A more readable macro definition would have been:

#define CPUID4_INFO_IDX(x,y)    (cpuid4_info[x] + (y))

I can see only one way how this can return NULL:

- First, "y" must be 0 (so, cache_remove_shared_cpu_map() was called with "index" being 0, that is, the in the first iteration of the loop in cache_remove_dev()).
- Second, cpuid4_info[x] must be NULL.

How the latter was possible should be analyzed in the new bug :) Note that this code was extensively changed after RHEL-5.4. For example, "struct _cpuid4_info" was modified multiple times: it was extended (and re-extended) with "can_disable", among other things.

My working idea (hope) is now that this second, unrelated bug (ie. the one in your comment 7) will go away if you try to reproduce it on RHEL-5.6. If not, please report a separate bug. Thank you.
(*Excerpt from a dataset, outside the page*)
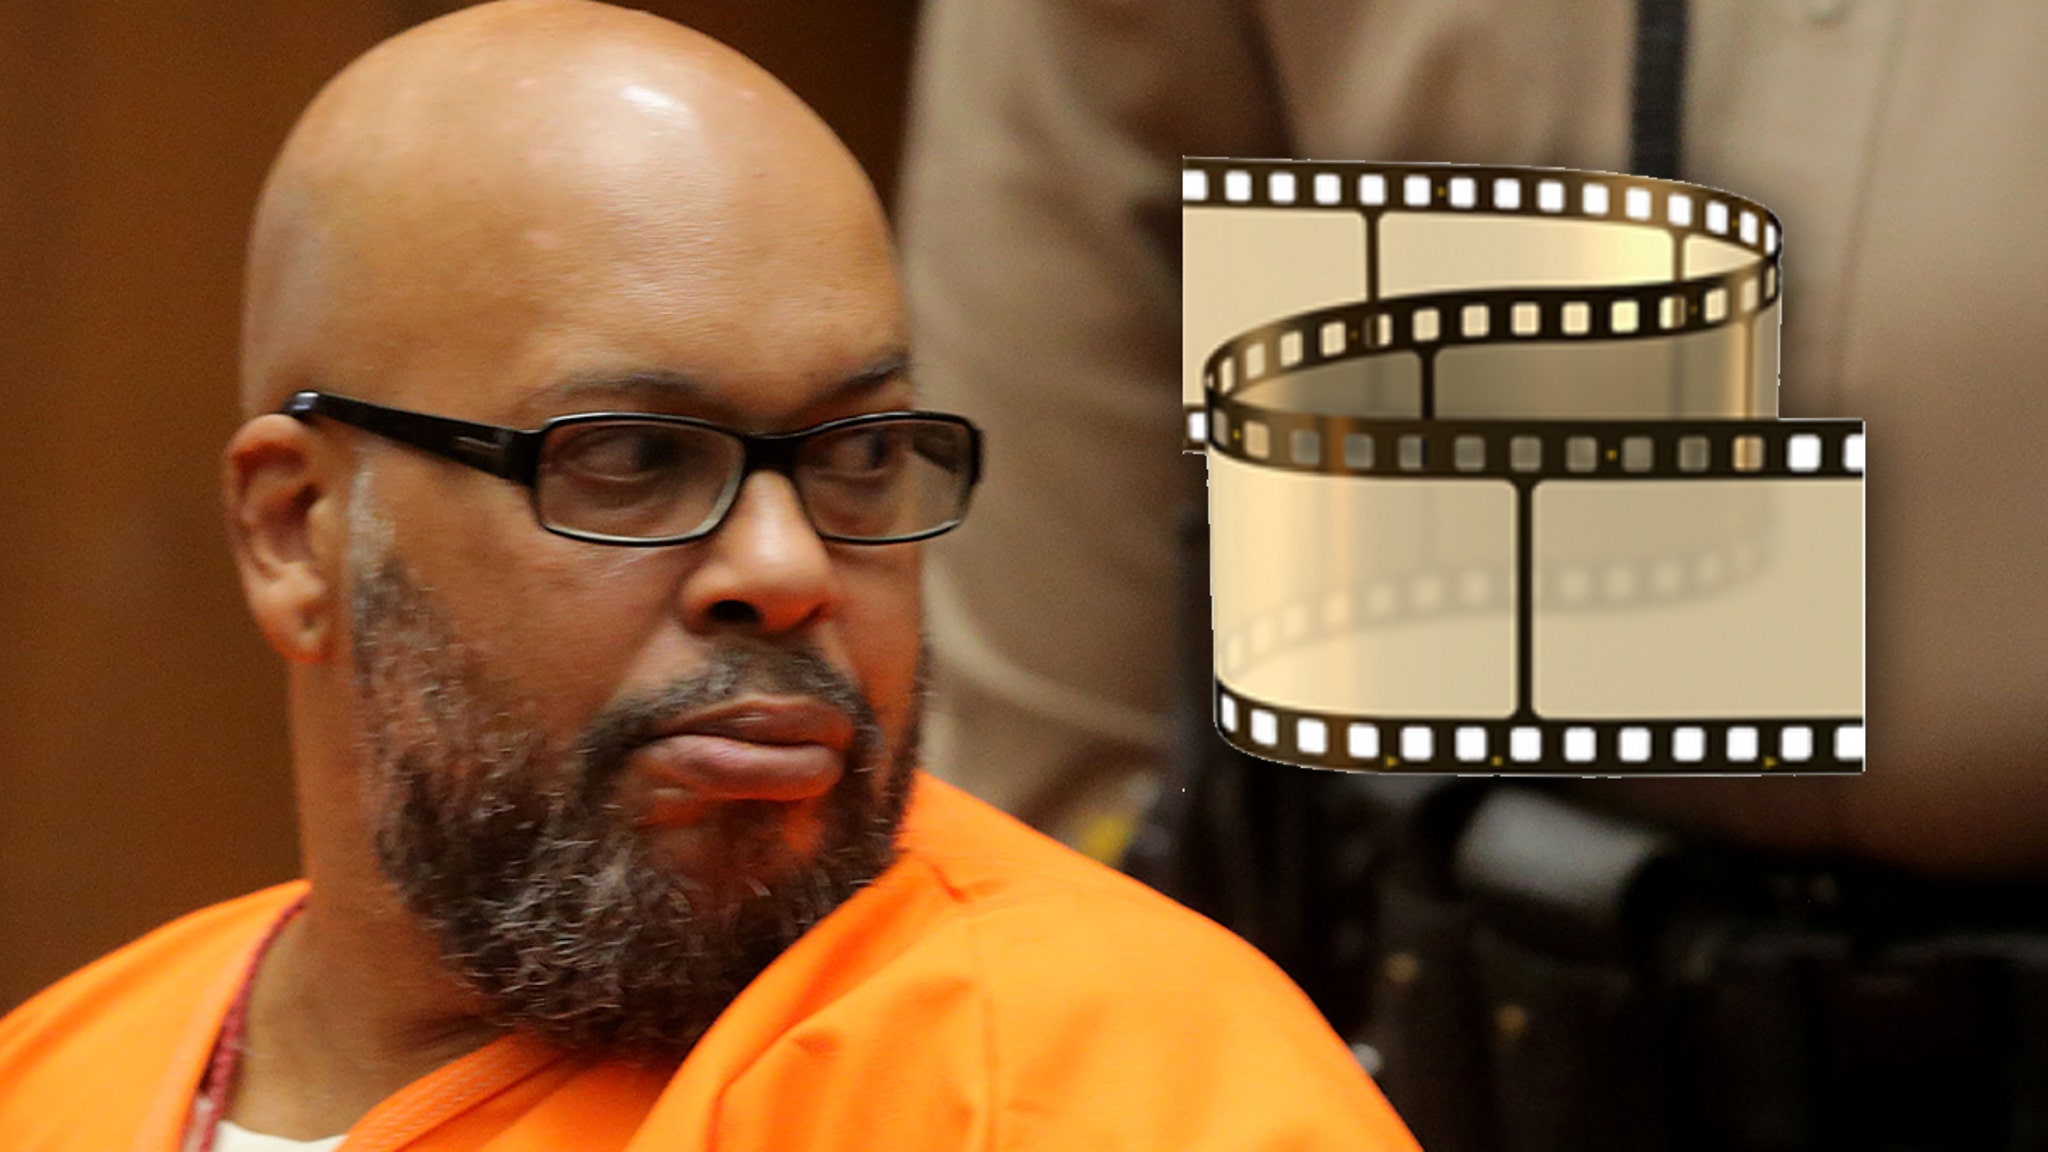 Suge Knight plans to tell life stories through biographical series ‘BMF’.

Comment 17 Paolo Bonzini 2011-04-04 15:06:28 UTC

The second save is probably failing because the first resume hasn't reset the shutdown watch (so the domain doesn't react to the request to suspend).  You can try xenctx to see where it is stuck.

Comment 18 Laszlo Ersek 2011-04-05 15:29:26 UTC

(In reply to comment #12; for the record)

> - preempt_enable();
> + preempt_enable();

Turns out this makes no difference:

http://lists.xensource.com/archives/html/xen-devel/2011-04/msg00158.html

This way the patch only makes smp_resume() happen earlier, whose effect is possible through cpu-hotwalk anyway.

Comment 19 Paolo Bonzini 2011-04-05 17:10:04 UTC

See also bug 589123, which has the same symptoms as "after my patch" (failure to suspend the second time) and would also be fixed by suspend cancellation.

Comment 20 Laszlo Ersek 2011-06-15 12:44:02 UTC

See bug 497080 comment 7. Additionally, suspend resumes cooperation from the guest, and a guest running "cpu-hotwalk" (which requires root in the guest) during suspend is suicidal. WONTFIX.

Comment 21 Laszlo Ersek 2011-06-15 12:45:13 UTC

(In reply to comment #20)
> suspend resumes cooperation from the guest

My brain short-circuited, apparently. I meant "suspension requires cooperation from the guest".